Years ago when a woman reached forty it was thought we shouldn't wear sleeveless blouses. Oh, those "dark ages." Like you, that's as silly as believing that we can't leave the house without matching shoes, belts and purses or that we must wearing hats and gloves to shop in the city or to attend church.

However, if you've looked at your upper arms lately and you're not fond of what you're seeking, take heart. It's time to firm up and do it now as summer will be here before we can blink.

Here are some tricks to help make your upper arms stronger, more muscular and something to show off.

In addition to a regular fitness program, such as brisk walking, cycling, and fitness routines, you'll want to include some weight training to increase the muscles in the upper arms for a sleeveless look you'll be proud to show off. If you belong to a fitness center, ask one of the staff, who understands exercise and weight lifting, to help you design a program that's right for your fitness level and age.

To tide you over, here are a few of my favorites and all you need are two books, two cans of unopened soup or objects that weigh the same. All exercises are done with the objects in your hands. If you are new to fitness, try the routines for a few days without extra weight. If you're recovering from an injury that has sidelined you, check with your doctor before doing these or any exercises. By the way, weight lifting can help improve anyone's strength.

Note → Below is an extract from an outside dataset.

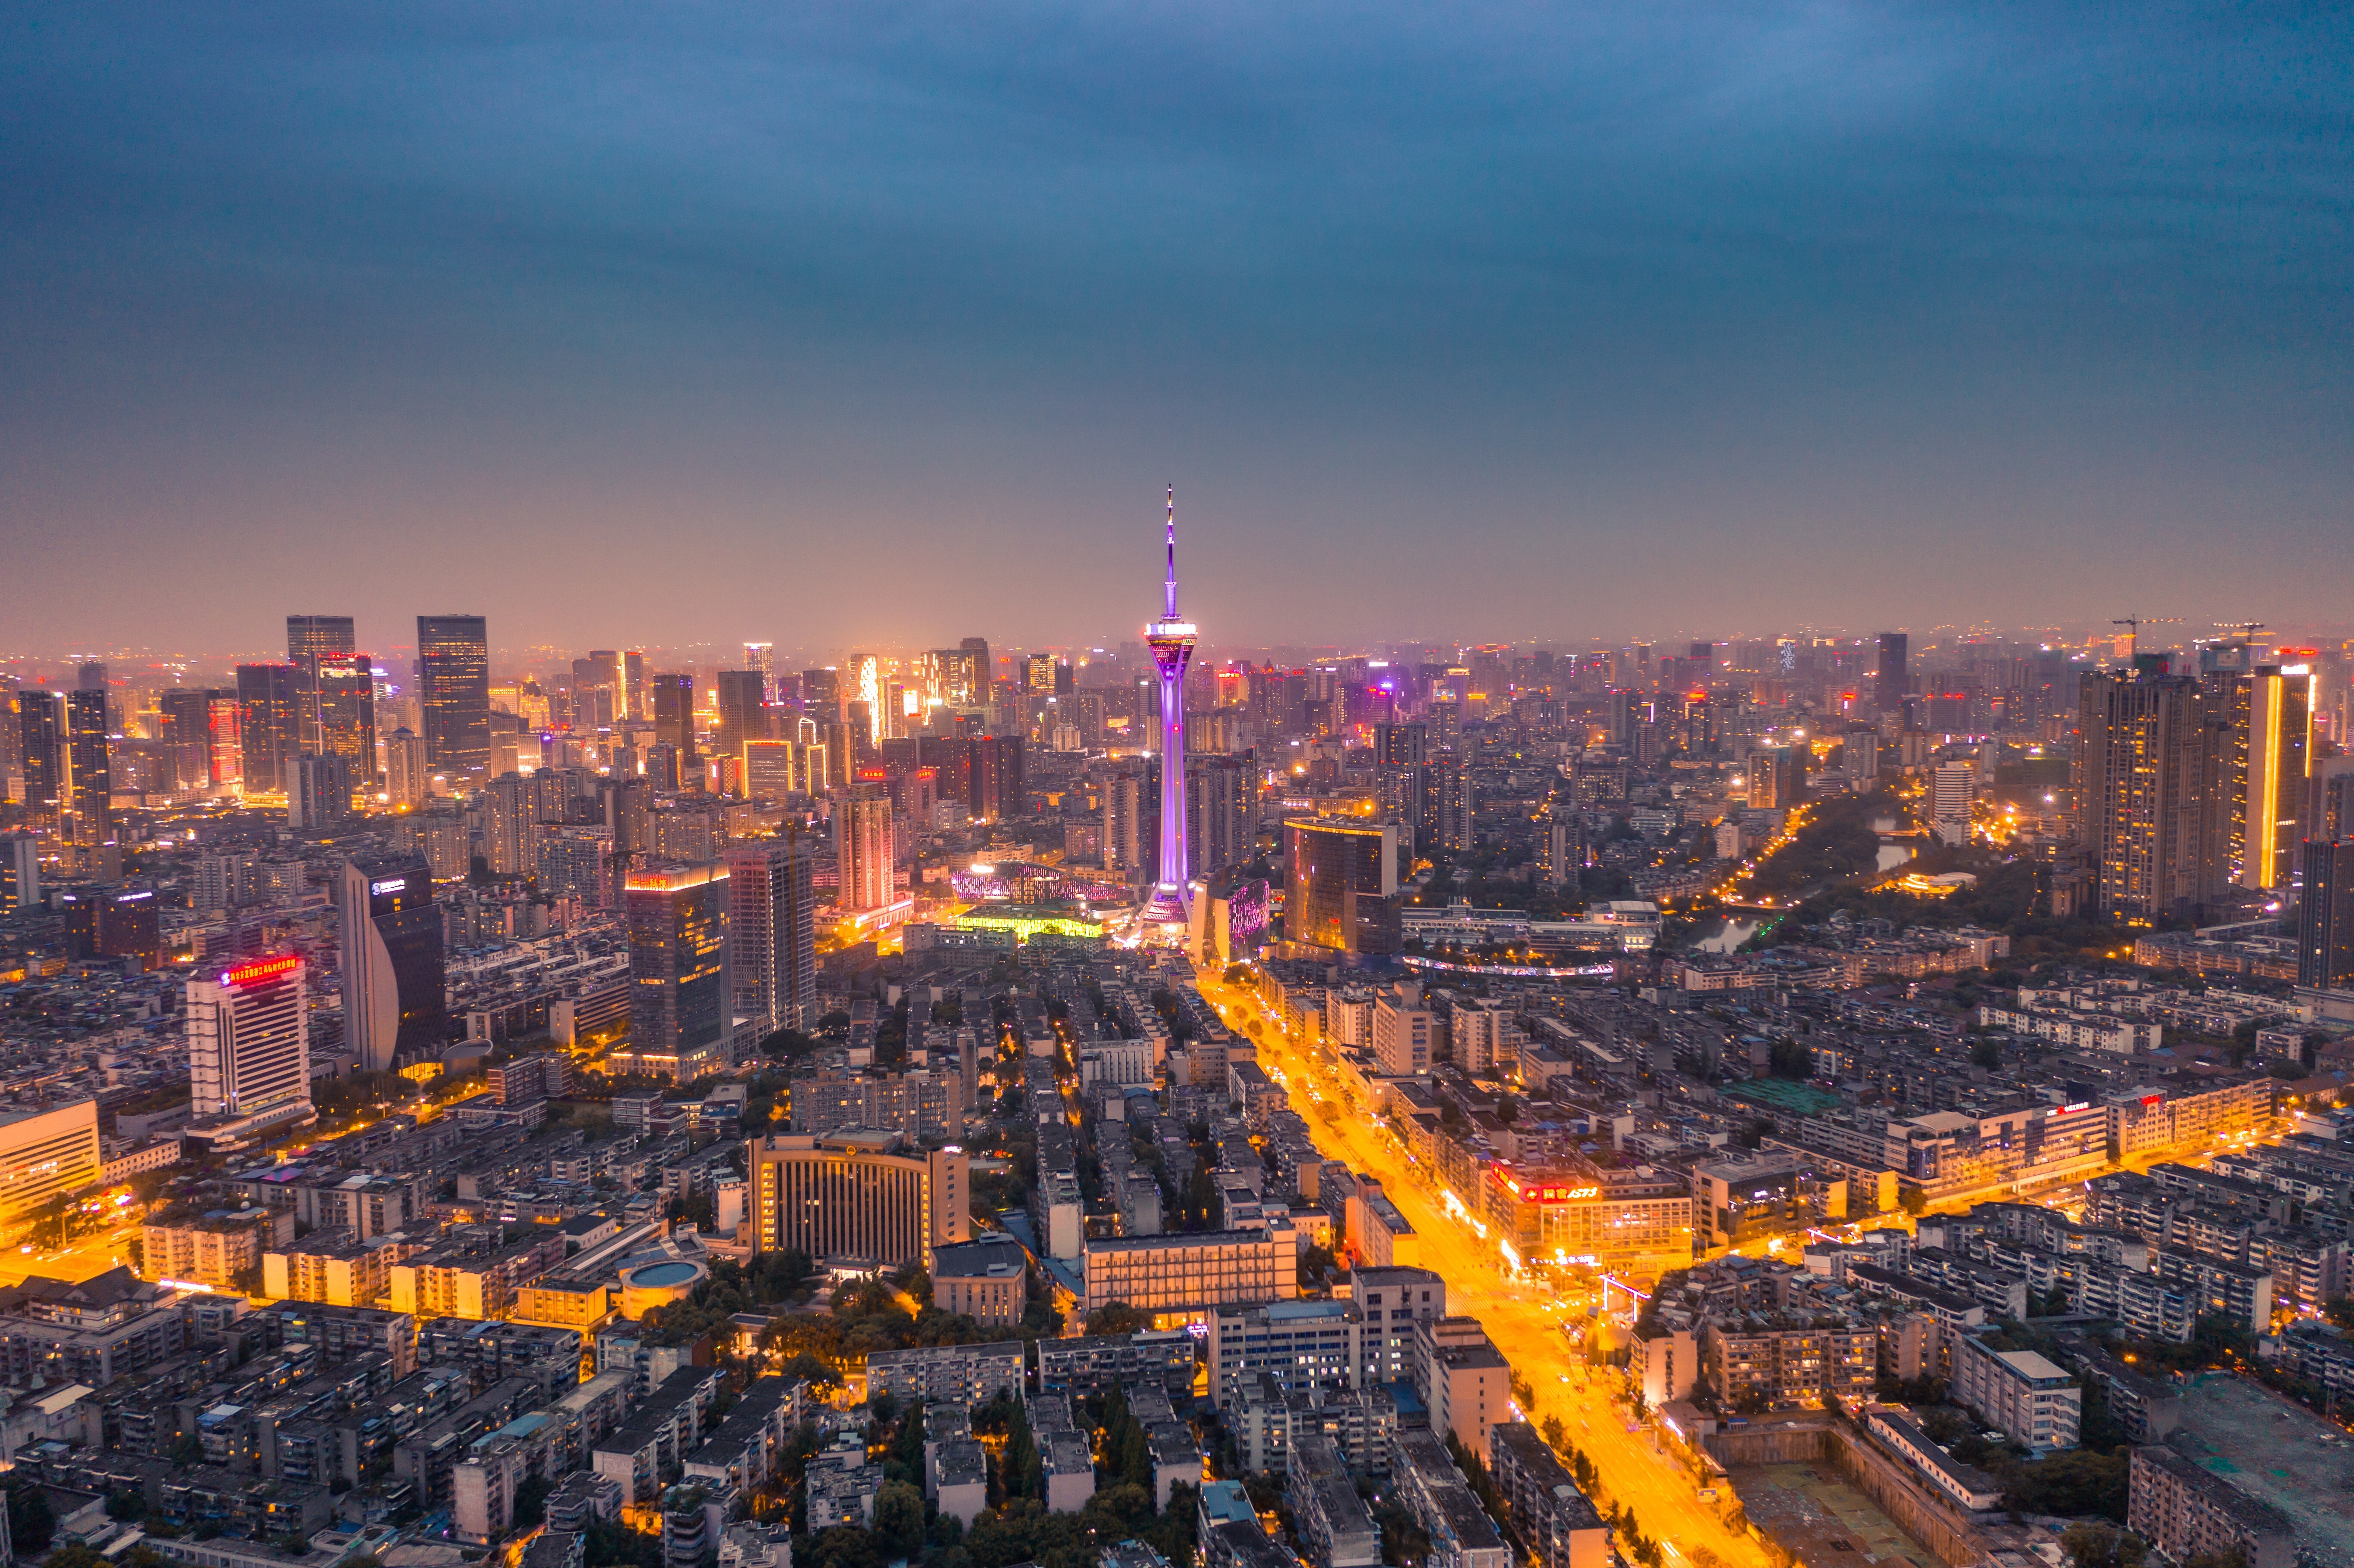 AmCham Southwest, a non-profit based in the city of Chengdu and representing over 300 member companies, was established in 1996. Photo: Shutterstock

Start with five repetitions of each routine and work up to three sets of ten.

1. With elbows shoulder level and fingers pointing down toward the floor, bring your hands across your chest in front of you. Then return to the first position. Do it slowly. Some people want to swing their arms back and forth, but you're working with resistance, so go slowly and you'll feel this routine in your arms, shoulders and upper back.

2. In the same position as above, move your hands toward your back and have the soup cans touch (if possible). Again, do it slowly.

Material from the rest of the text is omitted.